Ok, now that I've posted a few comments, I think I feel confident enough to start a topic that concerns fast ways to do pow(2.,x) for purposes of pitch to frequency and related conversions.

I've tried a lot of suggested functions here and elsewhere for the purpose, and it seems most of them are either

1. wildly inaccurate or only accurate near zero

2. not much faster (or even slower) than gcc's stock pow().

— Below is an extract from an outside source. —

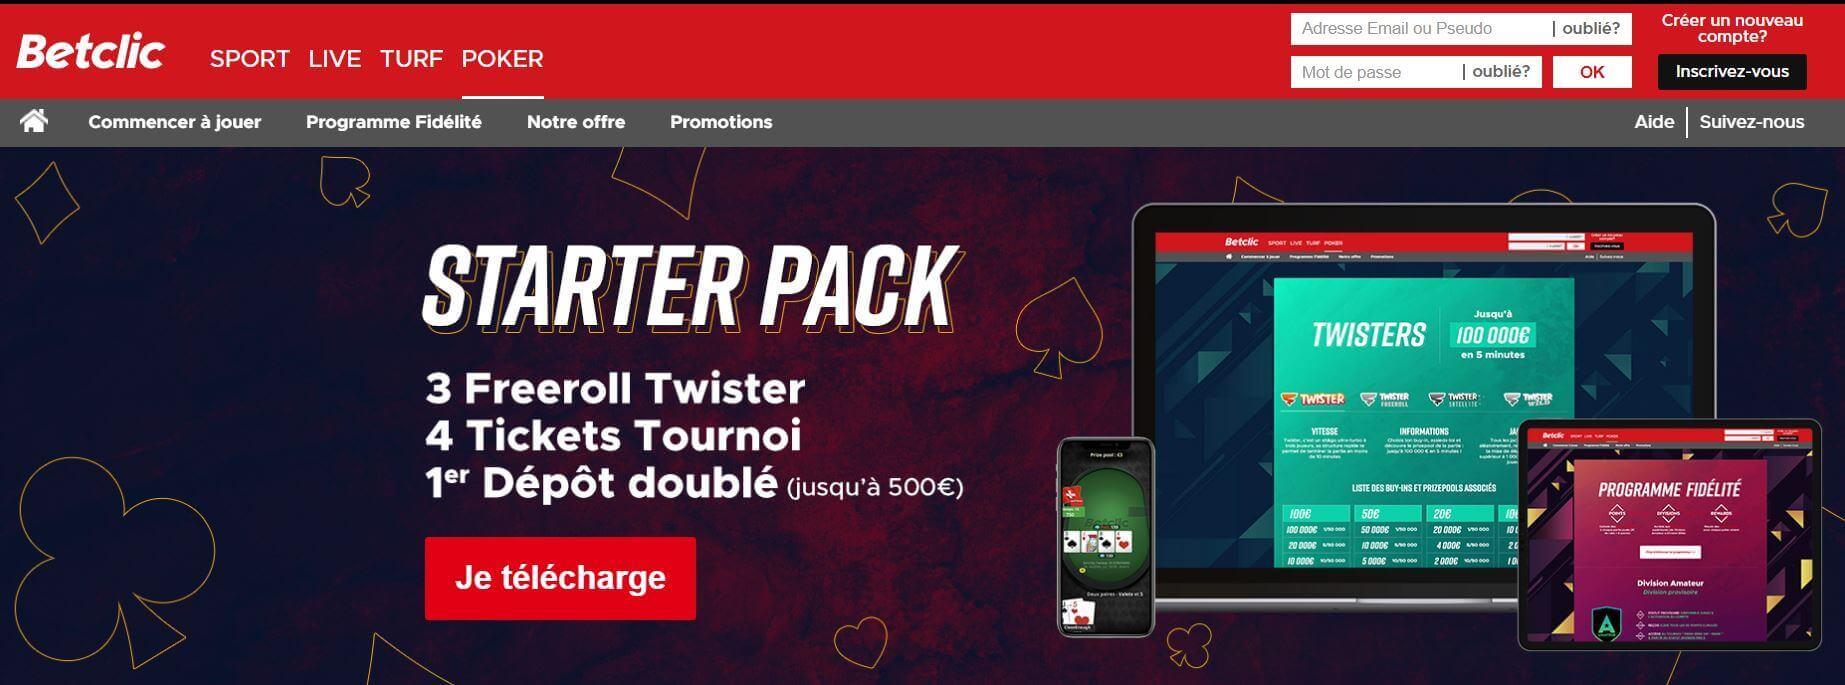 betclic poker mobile
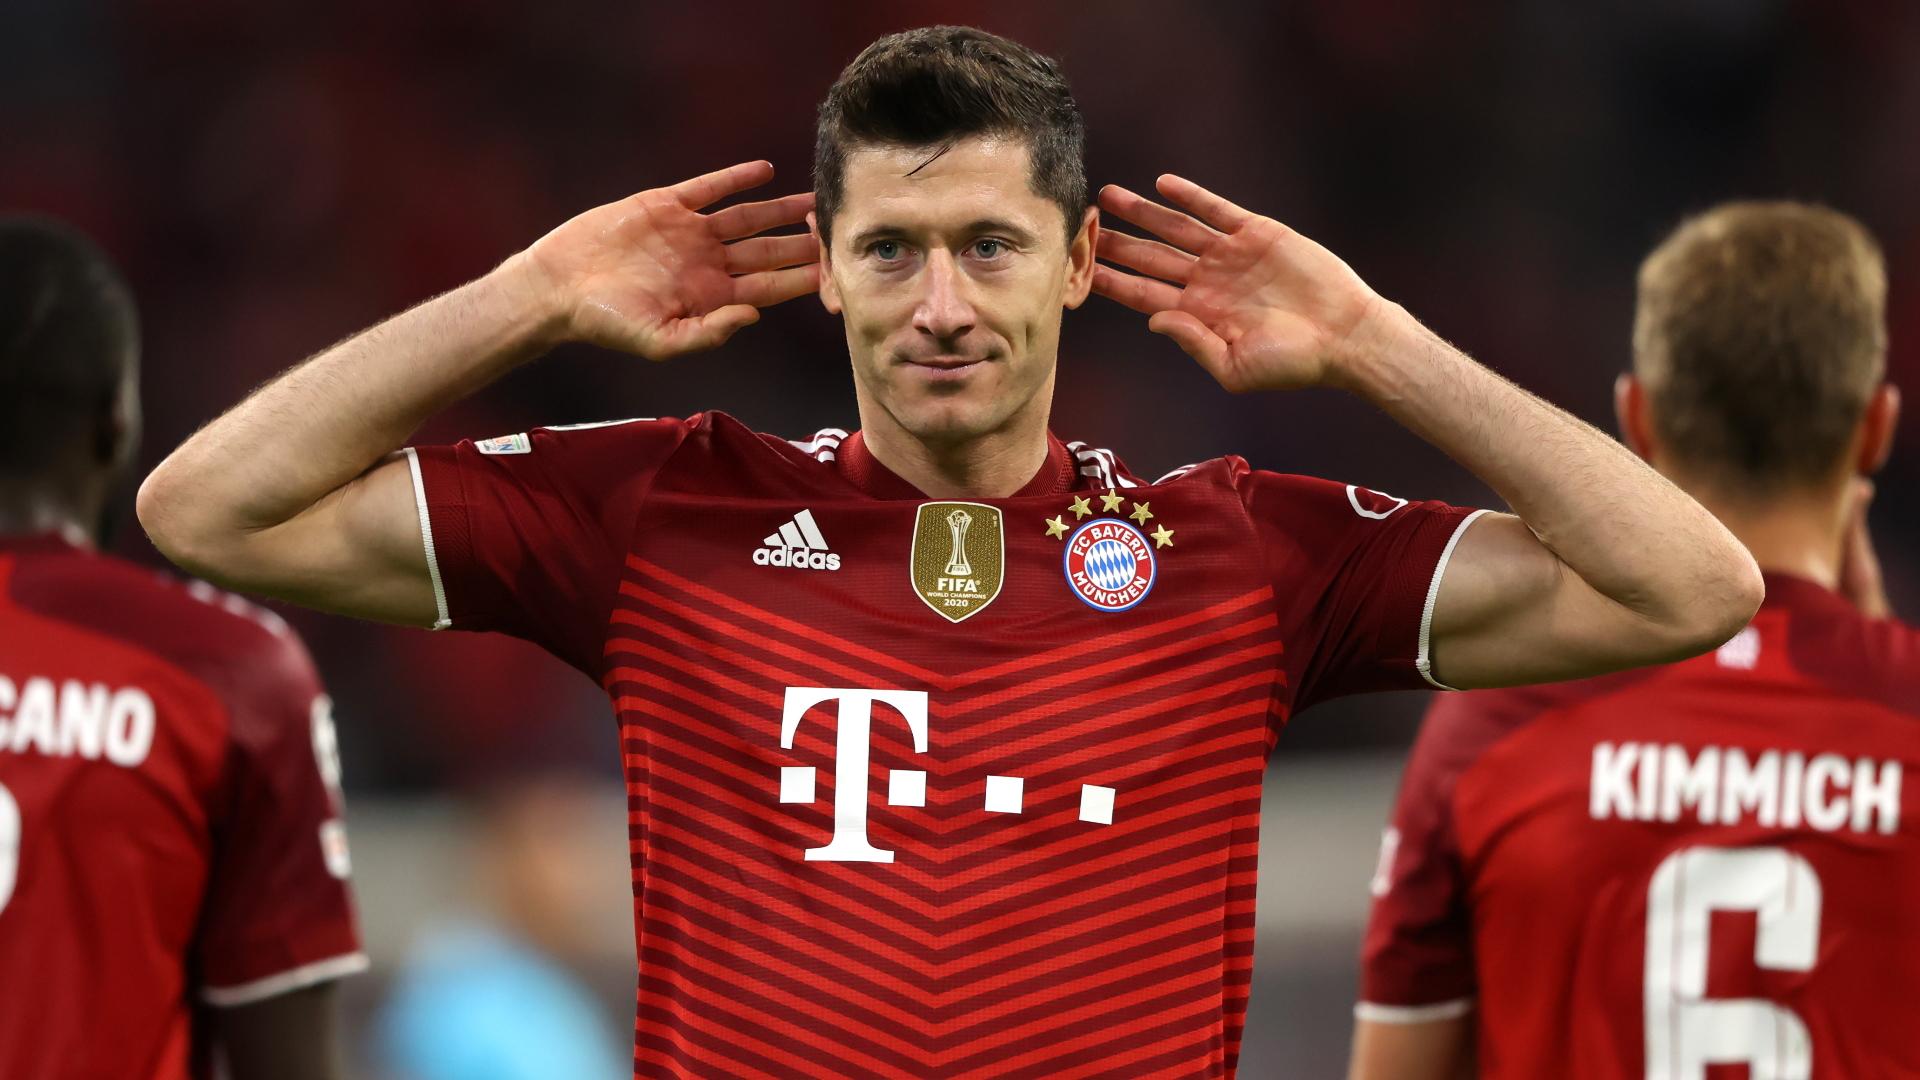 Bayern Munich star Lewandowski sets new Champions League record for longest winning streak

So I've used the trivial solution for now, namely converting pitch from float to a (say) 16-bit fixed point, then using the identity

a^(x+y) = a^x * a^y

to do separate table lookups for low and high bytes and multiply together (so 2 tables of 256 floats each, 2kB total). It needs one pre-multiply, float-to-int, two lookups, another float multiply, and some trivial integer bitsuffling.

Ofcourse with larger tables one gets more accuracy without extra operations, with more tables one needs less memory but with some extra operations.

Even if it isn't complicated at all, this took me a minute or two to figure out, so I'm just wondering why I haven't seen it mentioned anywhere? Did I just miss? Is it just considered too trivial? Or is there's some critical flaw?

I mean it seems to perform much better than most methods suggested, accuracy is more or less uniform on logarithmic scale, and the memory requirements aren't huge (YMMV).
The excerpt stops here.